When my grandmother passed away last year, her obituary in The Washington Post was three columns long, complete with recipe.

She was known around DC for her generous spirit, immovable political convictions, love of God and Church, and her grace, style, and food. She was a great woman and a great cook--self-taught from one very large cookbook given to her by the Greek-National she married.

My grandmother used food as a way to raise money for her favorite charities, often luring Washington wives and their dignitary husbands to embassy garden parties, book signings at her home in Van Ness, luncheons to celebrate a successful fundraiser, museum openings, or something having to do with her beloved political party, the GOP (you can't see it but my head is shaking).

One of things I miss the most besides our long political conversations (read: fights) is her food! I ate dinner with her pretty much twice a month from age 18 to 27, and I spent every major holiday in DC with the ole' fam just to rekindle my taste buds for what I knew was the best food around. We had the holiday staples for Easter, Christmas and Thanksgiving: chestnut stuffing (I want to cry), Avgolemino soup, green beans with tomatoes, mashed potatoes and sweet potatoes. She'd throw in the occassional tyropita triangles or taramousalata as hor d'oeurves, and if it was Thanksgiving there would never be less than six pies. At Christmas, there would be pies along with baklava, along with everything you see in the photo above.

I long for her Avgolemino soup with it's rich chicken broth and bechemel, egg, lemon and rice. She had this way of making sure the chicken was the primary flavor, while the bechemel, egg and lemon simply brushed your tastebuds like velvet. I know that sounds odd, because chicken broth is the base, but sometimes you can get or make Avgolemino with too much lemon, or worse, it can taste like chicken with flour sauce (uncooked bechemel) or chicken flavored water. She truly made velvet chicken soup. The Greeks should rename it. Ah, but they couldn't. Like most of her recipes, my grandmother perfected this one on her own. You can't buy this in any of the best restaurants in Greece, nor does anyone else's Yiayia know how to make it like this. Do I sound partial? I say this based on years of searching for good Greek food outside of my grandmother's kitchen. 

Right after my grandmother was married, her mother told her the first thing she should think about when she wakes up in the morning is, "what is my husband going to have for dinner tonight?" She took it to heart. Asked how she learned to cook, she'd simply say anyone can cook as long as they know how to read a recipe. And I guess that's why I started something like Cookology. I hope to use my store (and this blog) to share family recipes, kitchen successes and failures, and all the little things about everyday home cooking that make food and family such a joy.

Avgolemino Chicken Stock Soup Tips:
  • When making stock, don't use a pot larger than a 6 or 7 qts.
  • Buy chicken back and necks only.
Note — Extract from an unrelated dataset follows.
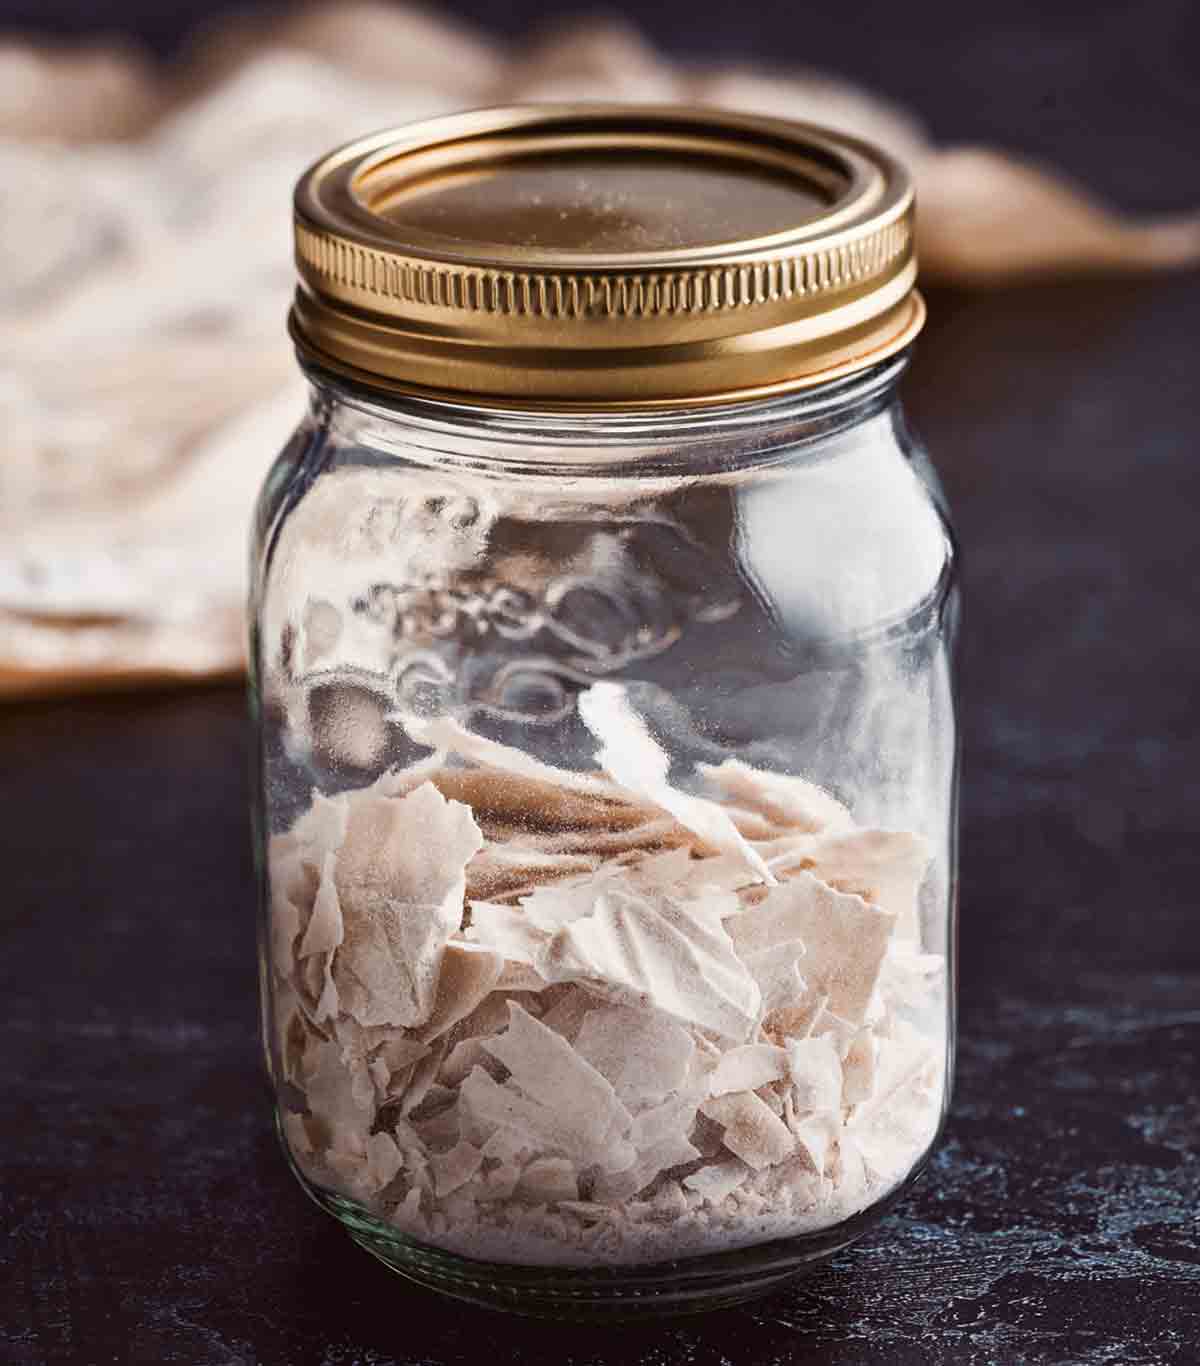 A jar of flaked dehydrated sourdough starter
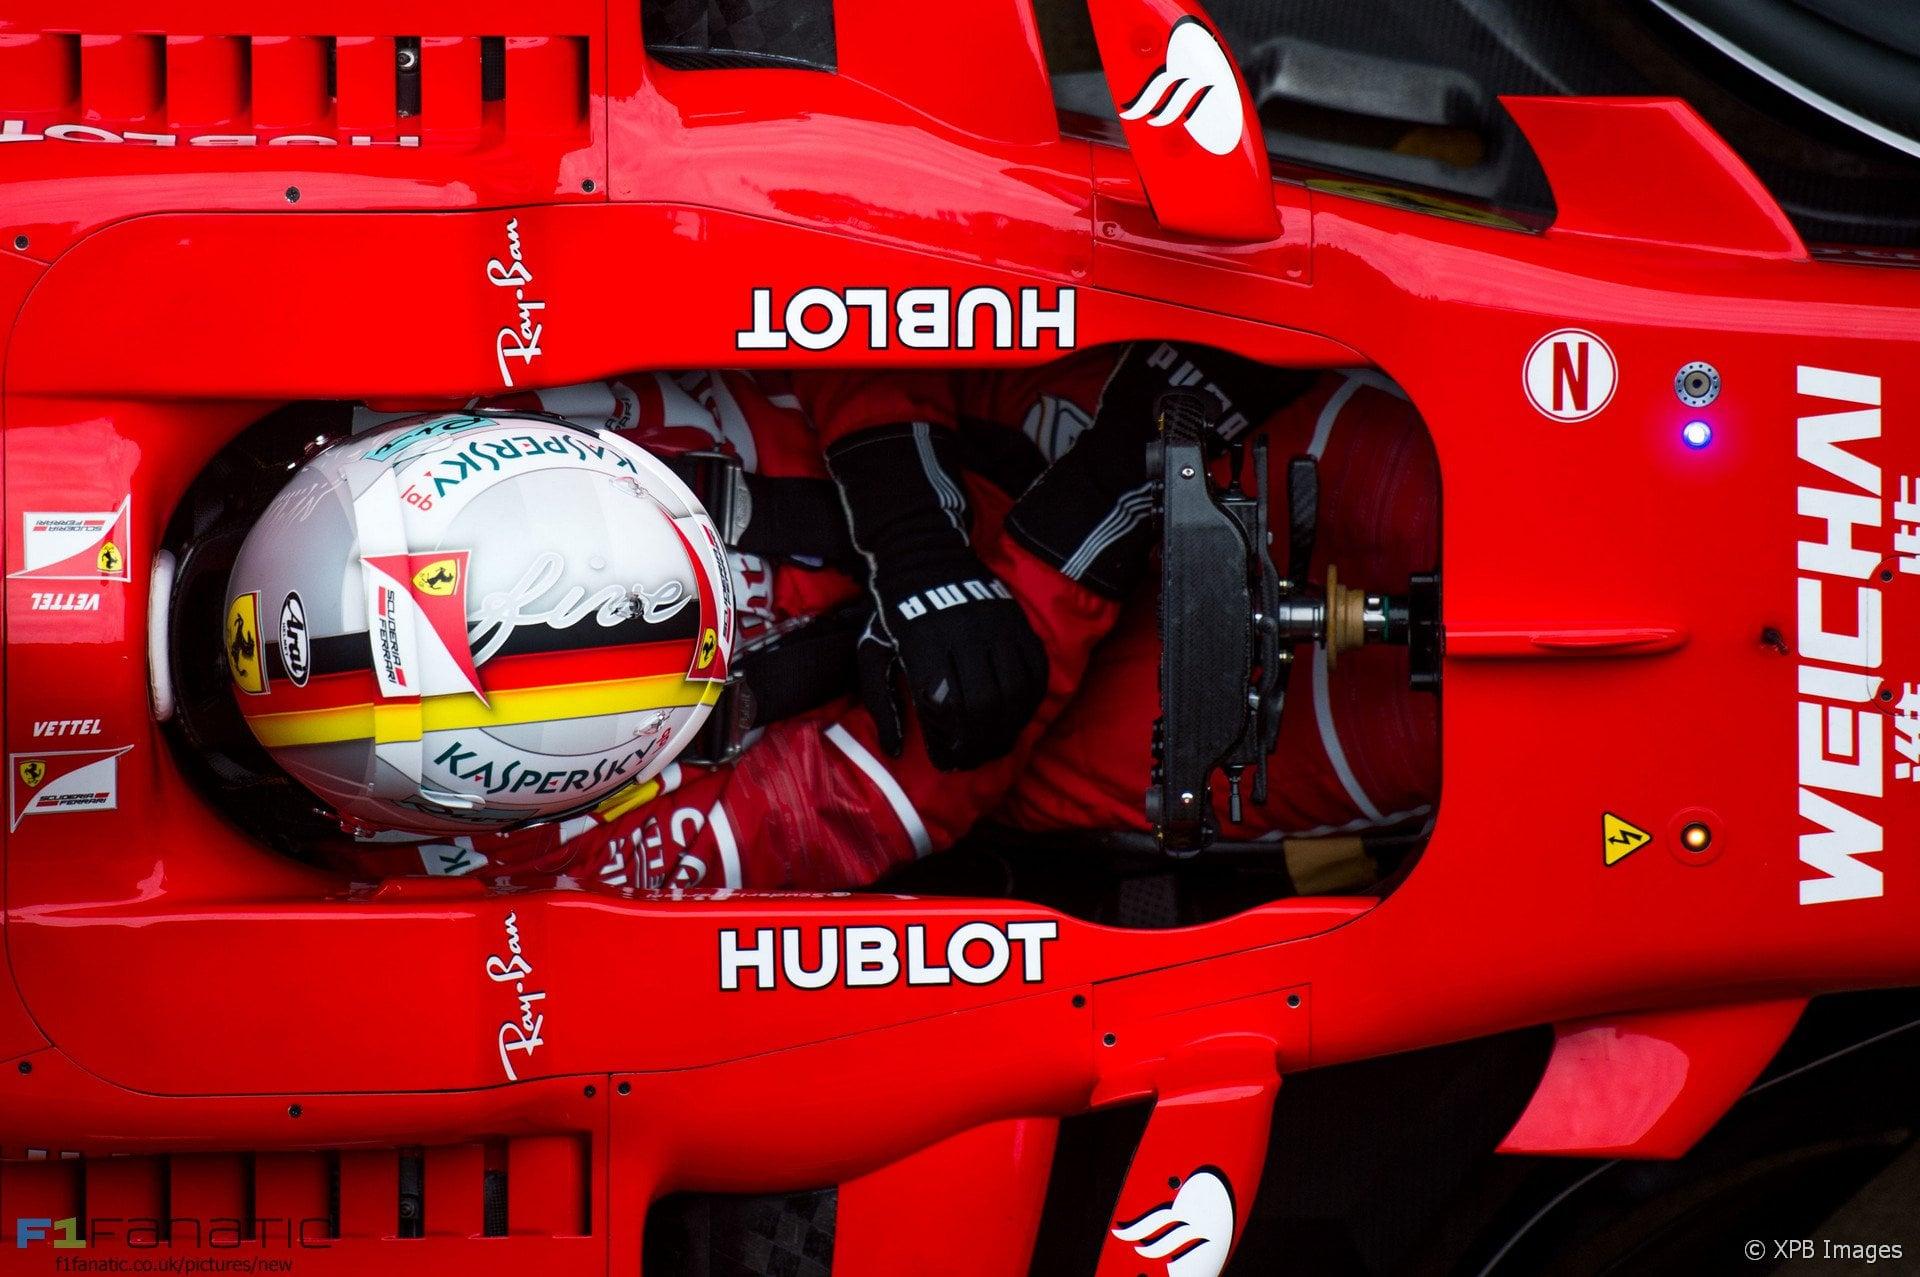 I Just Noticed In This Picture Of Vettel S Cockpit That The

Forget using a whole chicken when trying to make a stock, you can't get enough flavor out of it. And don't even think about buying canned stock. The makers throw in onion powder, garlic and other spices, which throws off the entire recipe.
  • Fill the pot with water only an inch over the chicken.
  • Toss in lots of fresh celery (mostly the outer stalks where all the flavor is).
  • Add a few carrots.
  • Add a little salt and pepper (add most of the salt at the table before eating)
  • Cook on low for the entire day and most of the night until the bones have practically disappeared (seriously).